Ya el presidente del Congreso, Francisco Antonio Pacheco, adelantó una respuesta que, sin embargo, es inaceptable: “Después de doce años de mantenerse sin aprobación, es porque algo debía tener mal”, fueron sus palabras. No dudamos, en efecto, de que el texto tuviese problemas, pero parte de la responsabilidad de los legisladores –tanto los actuales como sus predecesores durante los tres cuatrienios anteriores– fue mejorar, enmendar y pulir la propuesta, sobre todo por ser de tanta envergadura nacional, no desconectarla del respirador legislativo.

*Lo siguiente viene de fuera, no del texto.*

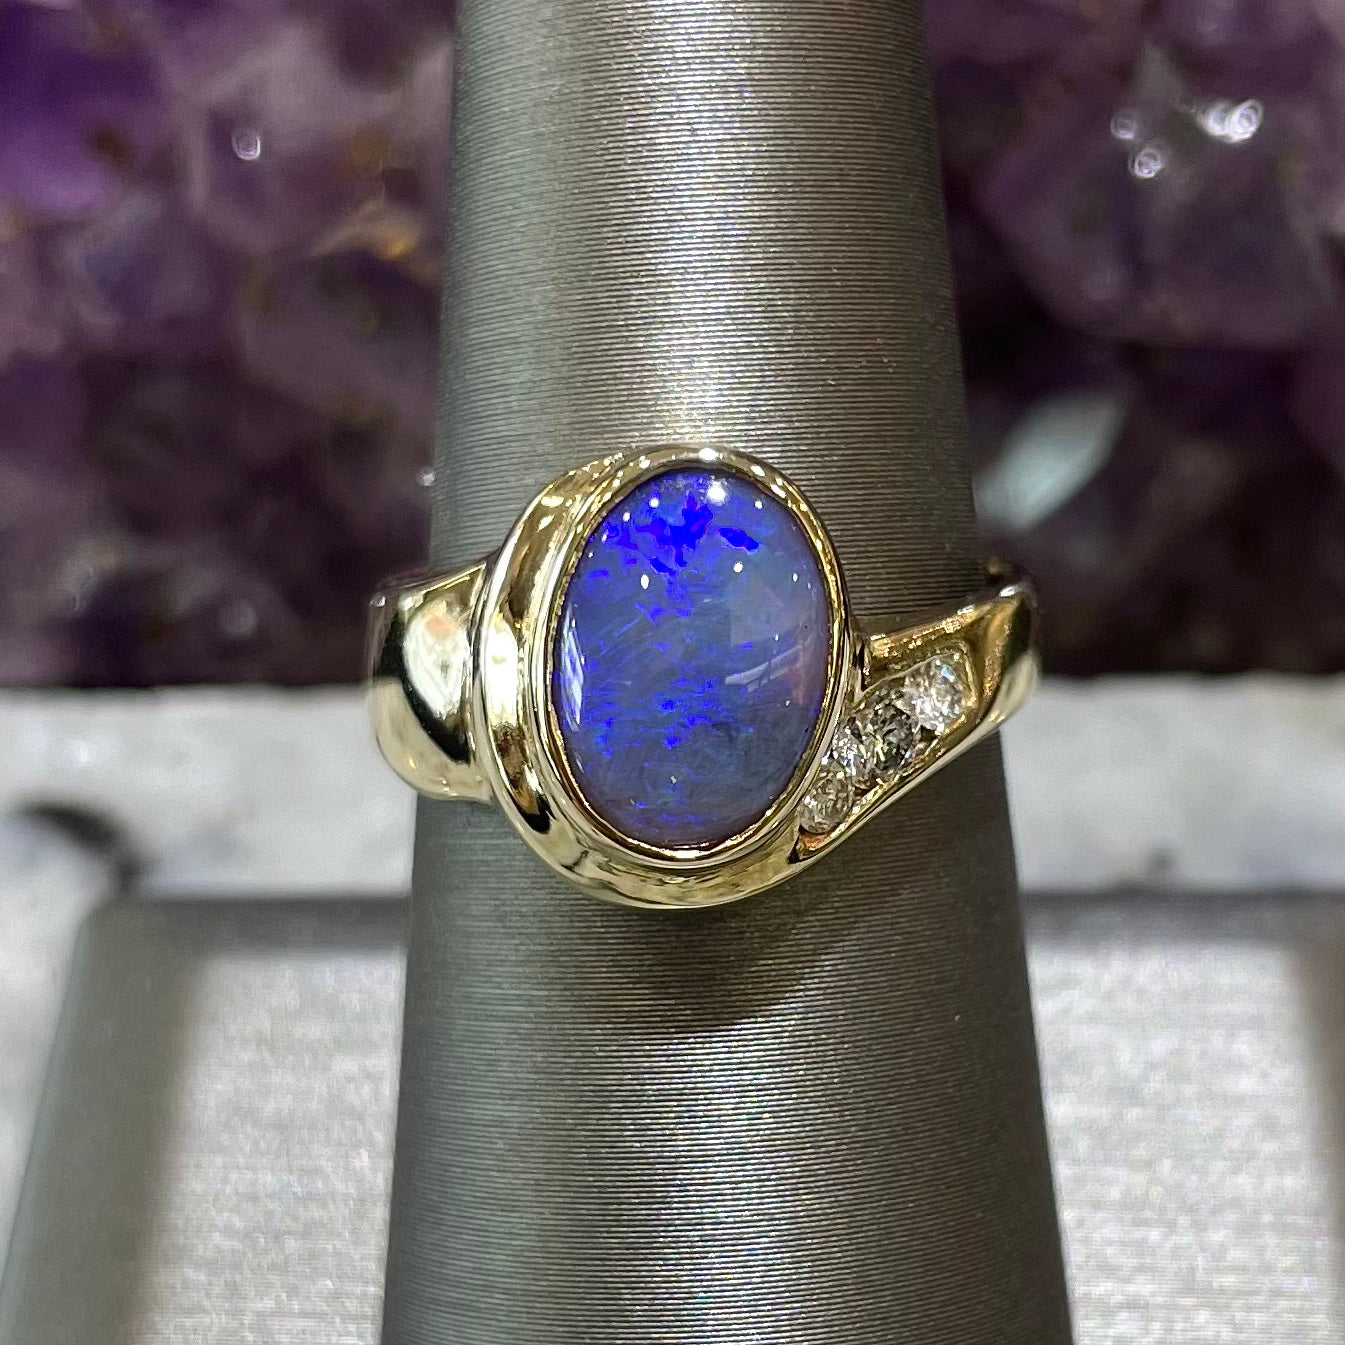 Black Opal Ring 5446 - Australian Opal Jewelry - Opal Pendants, Opal Rings,  Opal Bracelets & Earrings

También es un hecho que, como han dicho otros diputados, ni en la Sala III (penal) ni en el resto de la Corte Suprema de Justicia había uniformidad de criterios sobre el enfoque más adecuado para la nueva normativa. Por años, se ha desarrollado un gran debate entre dos corrientes de pensamiento en torno al derecho penal: una que propugna sanciones más severas y un enfoque esencialmente represivo frente al delito; otra que pretende un abordaje más balanceado e incluye penas alternativas. El proyecto de nuevo Código, planteado por el Poder Judicial, se inclinaba por este último enfoque, que también hemos defendido desde La Nación , por considerar que es más justo y realista: el delito no se puede combatir simplemente llenando cárceles; este es un método que, alrededor del mundo, ha demostrado ser tan ineficaz como costoso y, a menudo, contraproducente.
Curiosamente, una vez presentado el proyecto, y tras idas y venidas de su texto, la Sala III, de donde había salido, se sumió en la ambivalencia; pero, en lugar de definir una posición o, al menos, decir que era incapaz de hacerlo, optó por la peor estrategia: dejar huérfana la propuesta. Por deber de transparencia, habría sido más correcto retirarle explícitamente su apoyo y decir por qué. Los diputados, por su parte, en lugar de asumir el deber de legislar sobre la materia, vieron, en el desinterés judicial, una justificación perfecta para tampoco definirse. No olvidemos que, en medio del discurso represivo a ultranza que ha prevalecido durante los últimos años como “fórmula” contra el delito, muchos políticos piensan que adoptar abiertamente posiciones más balanceadas puede tener un costo político.
La conclusión de todo esto, en extremo preocupante, es que ambos poderes eludieron sus responsabilidades, incluyendo la más elemental posible: definirse. Nos tememos que, tras esta triste experiencia, pasarán muchos años antes de que se pueda emprender otra iniciativa de reforma penal integral. Quizá lo mejor sea olvidarla del todo y, más bien, optar por cambios puntuales; pero ni siquiera esto sabemos porque, hasta ahora, la Sala III ha optado por el silencio.